*Task objective*
Beginning at the line that contains "Calvin Klein Leather Convertible Danica" and finishing at the line that contains "Ľubomír Guldan, vpravo", output the data below exactly. Include both end lines and no pictures.

**** The records

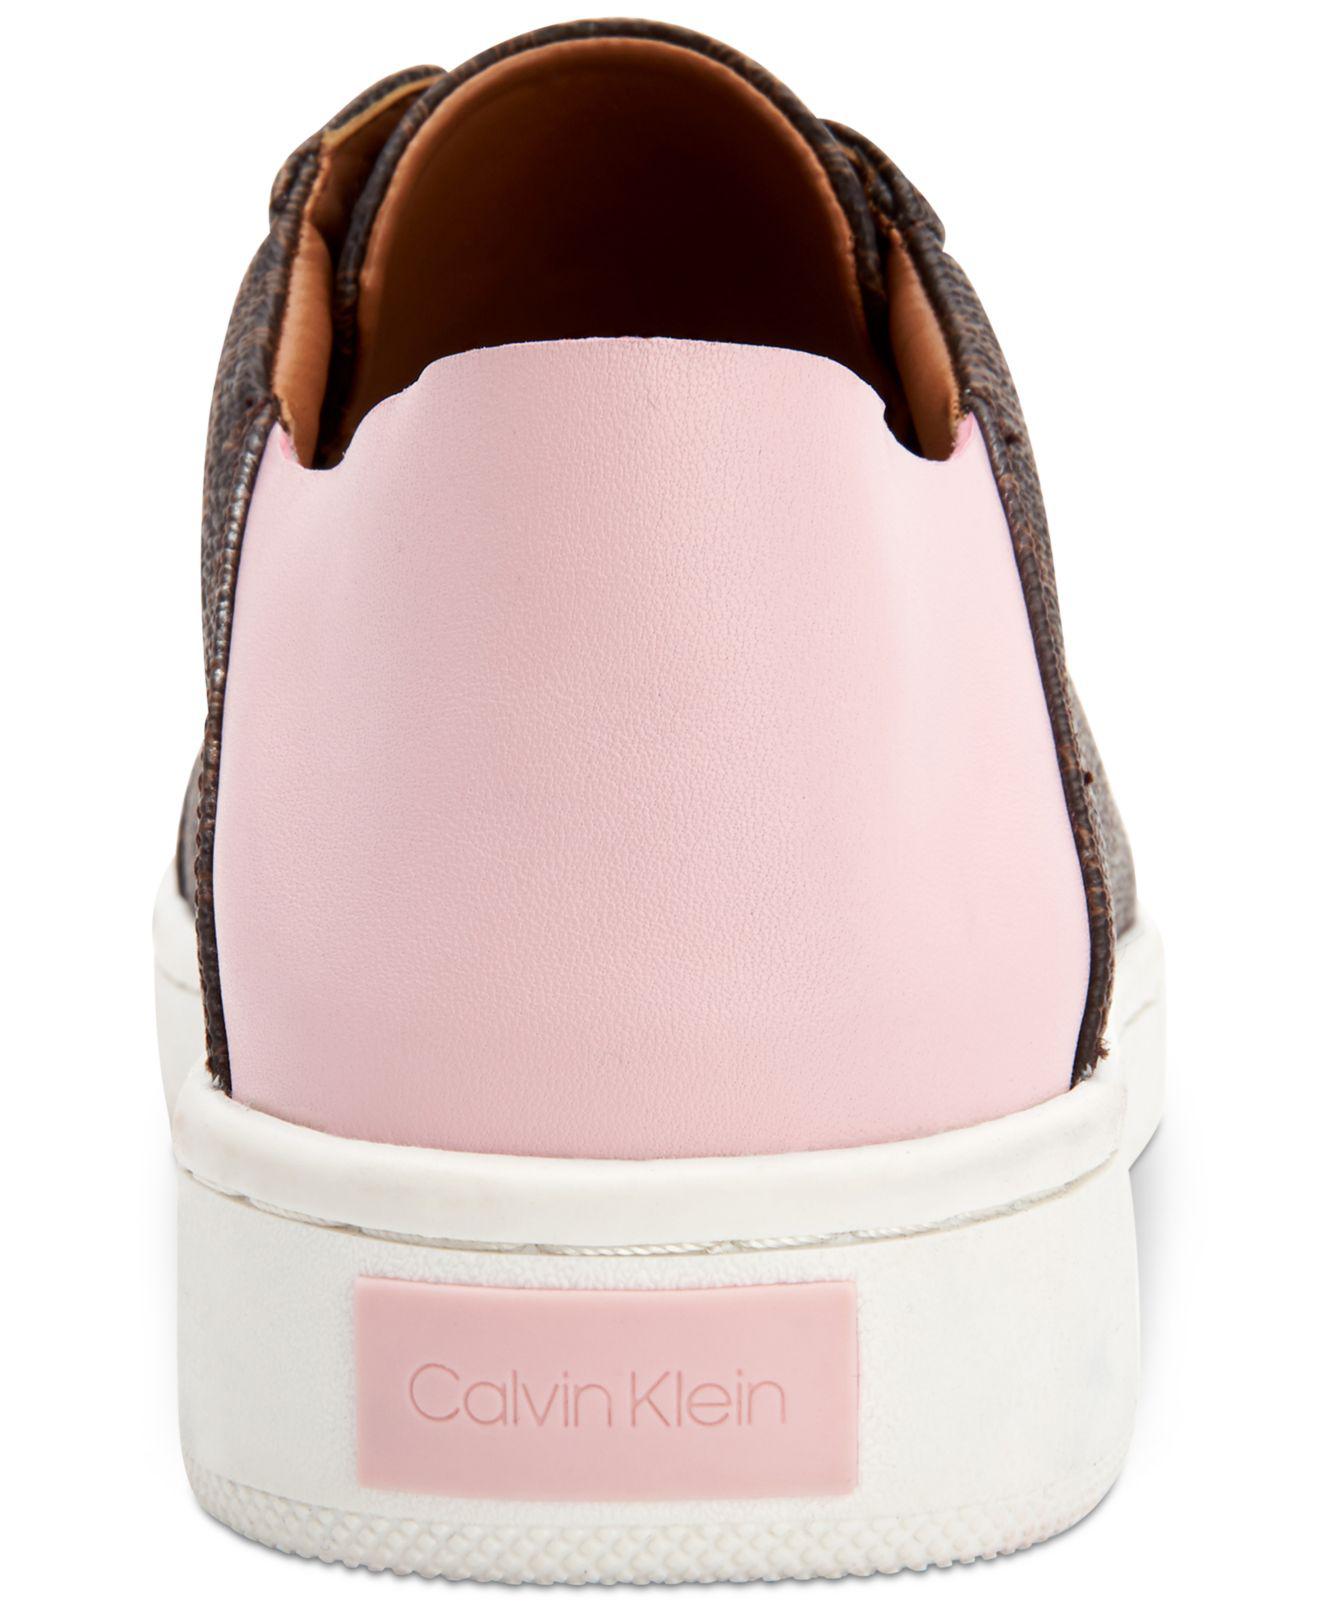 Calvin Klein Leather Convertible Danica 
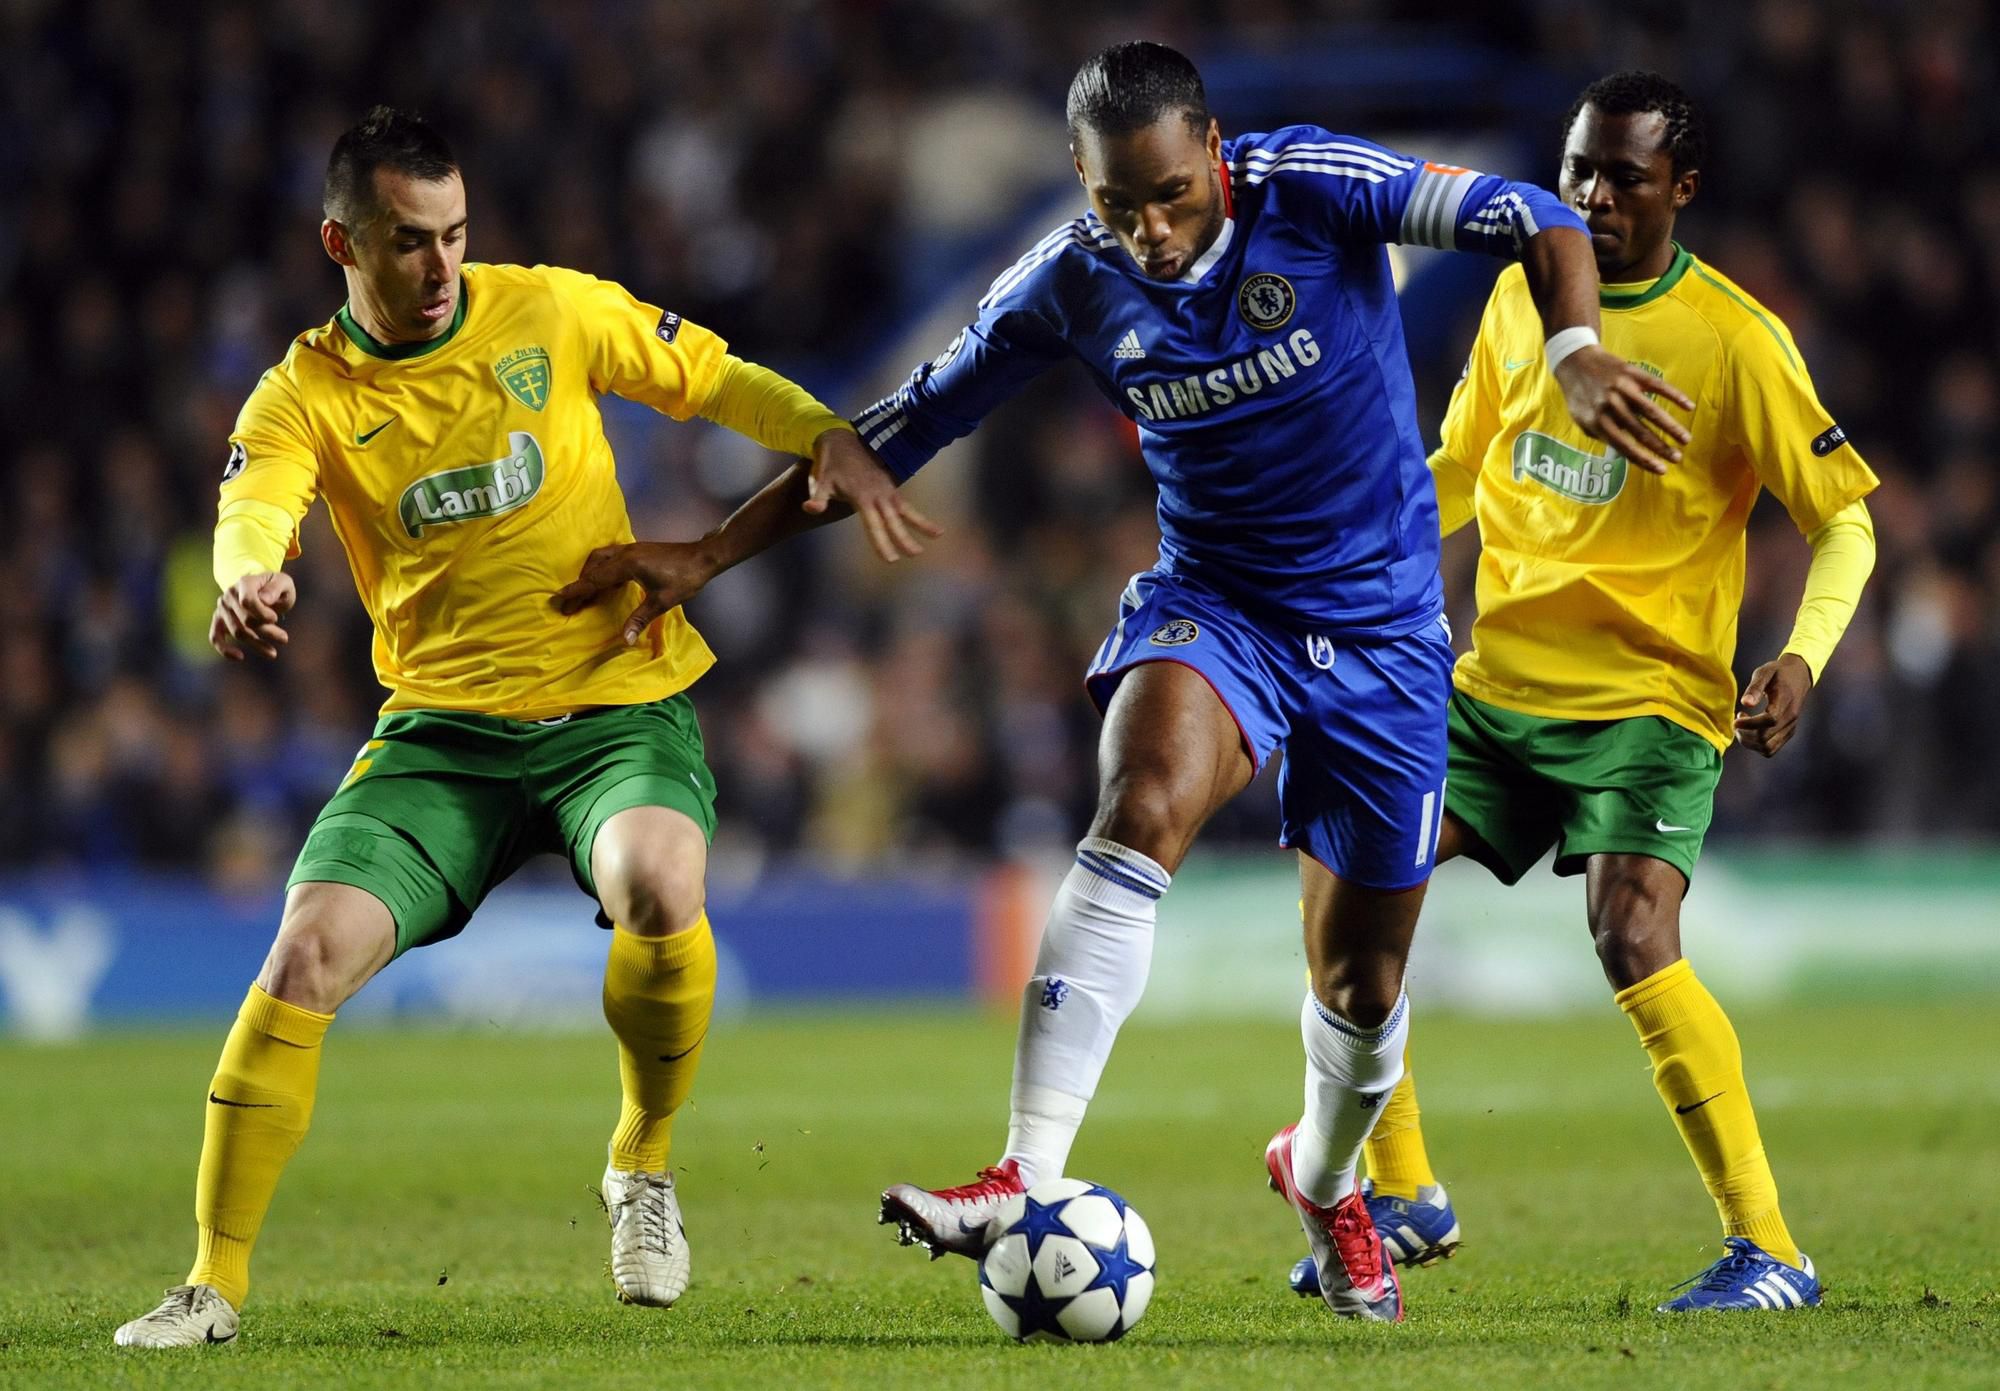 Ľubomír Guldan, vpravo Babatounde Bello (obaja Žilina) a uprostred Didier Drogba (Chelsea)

********
**** The records

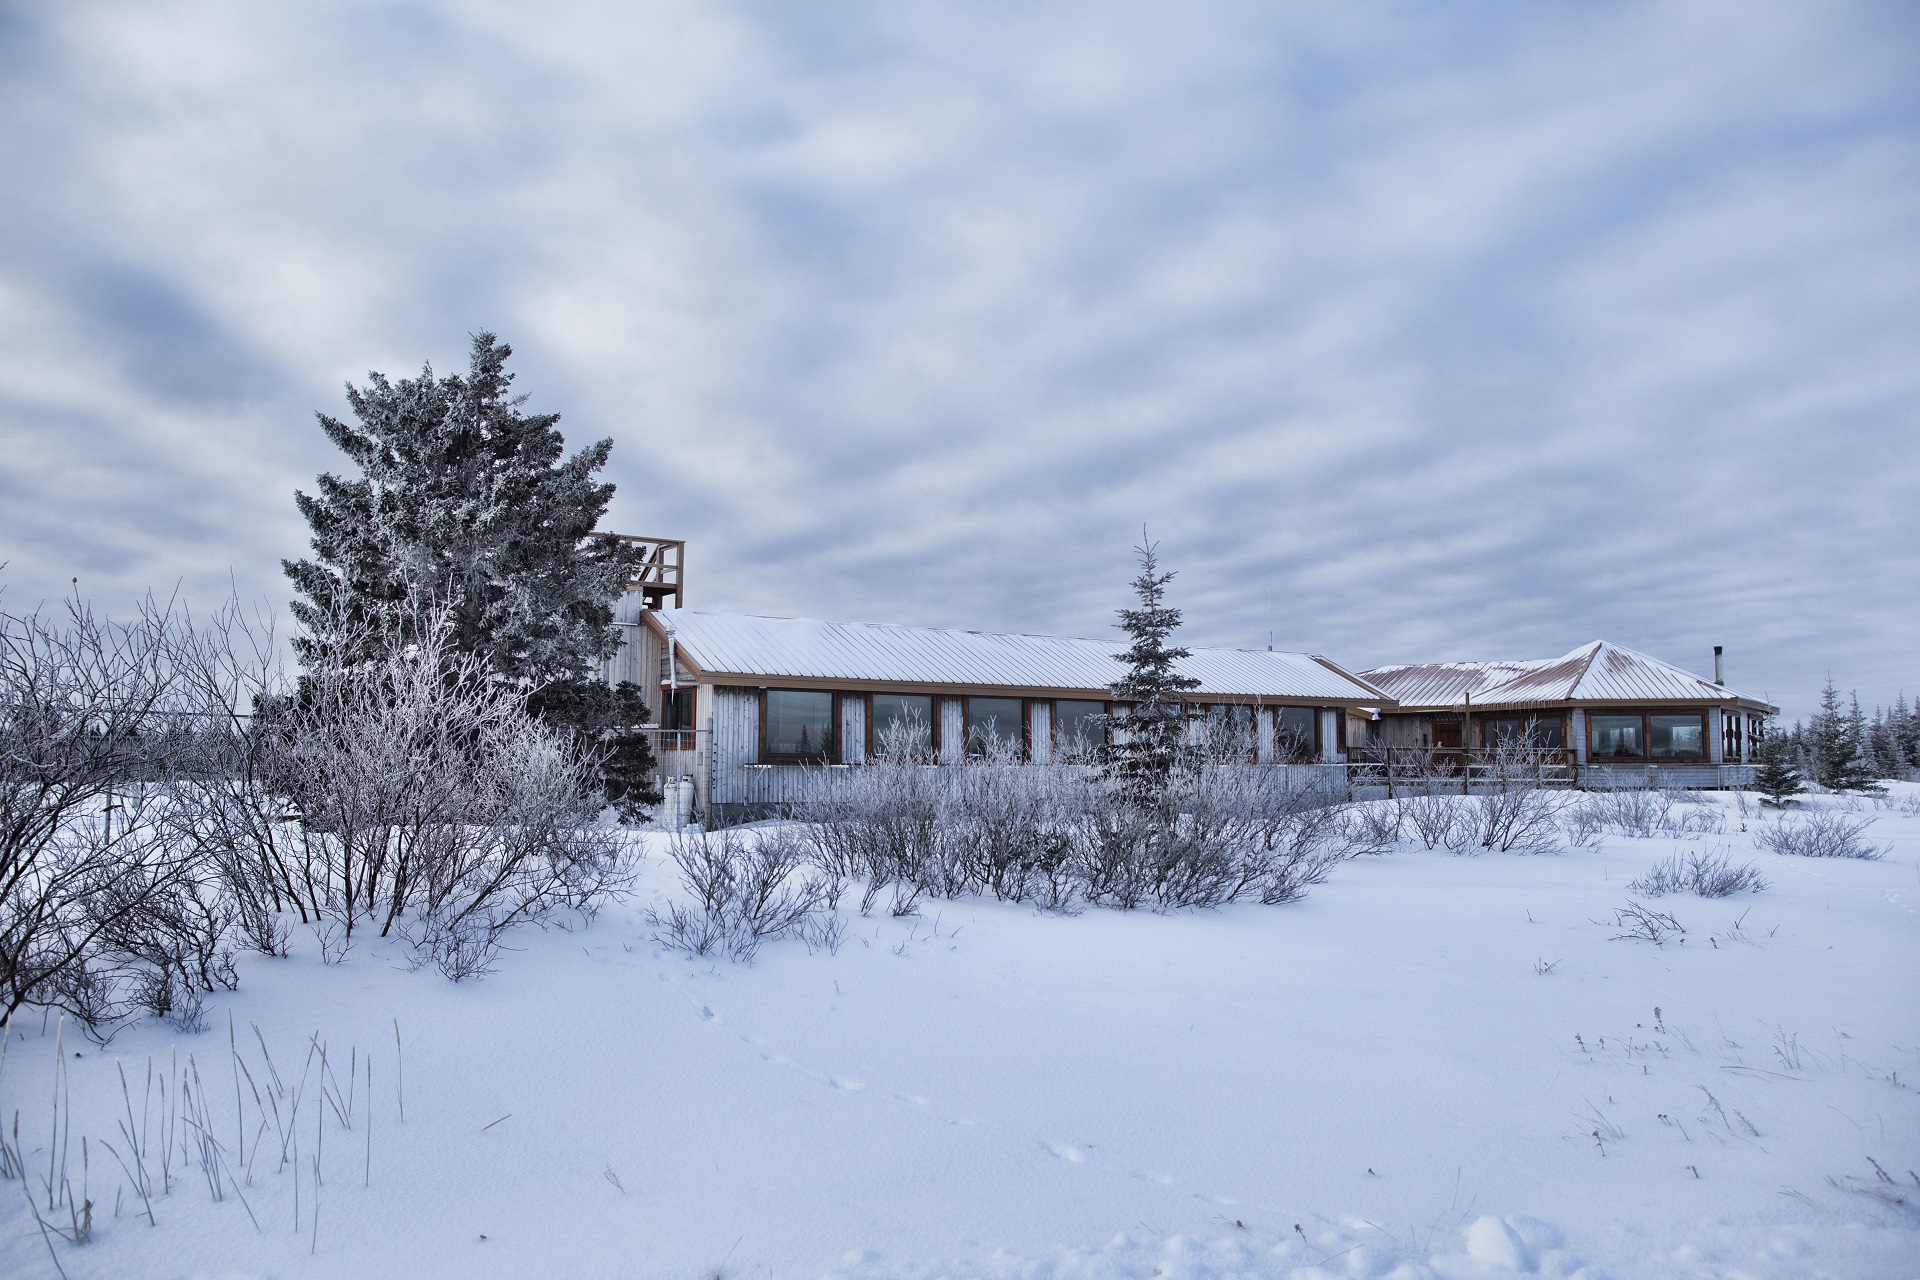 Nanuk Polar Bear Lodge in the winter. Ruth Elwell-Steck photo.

********

*Final answer*
 Calvin Klein Leather Convertible Danica 
 Ľubomír Guldan, vpravo Babatounde Bello (obaja Žilina) a uprostred Didier Drogba (Chelsea)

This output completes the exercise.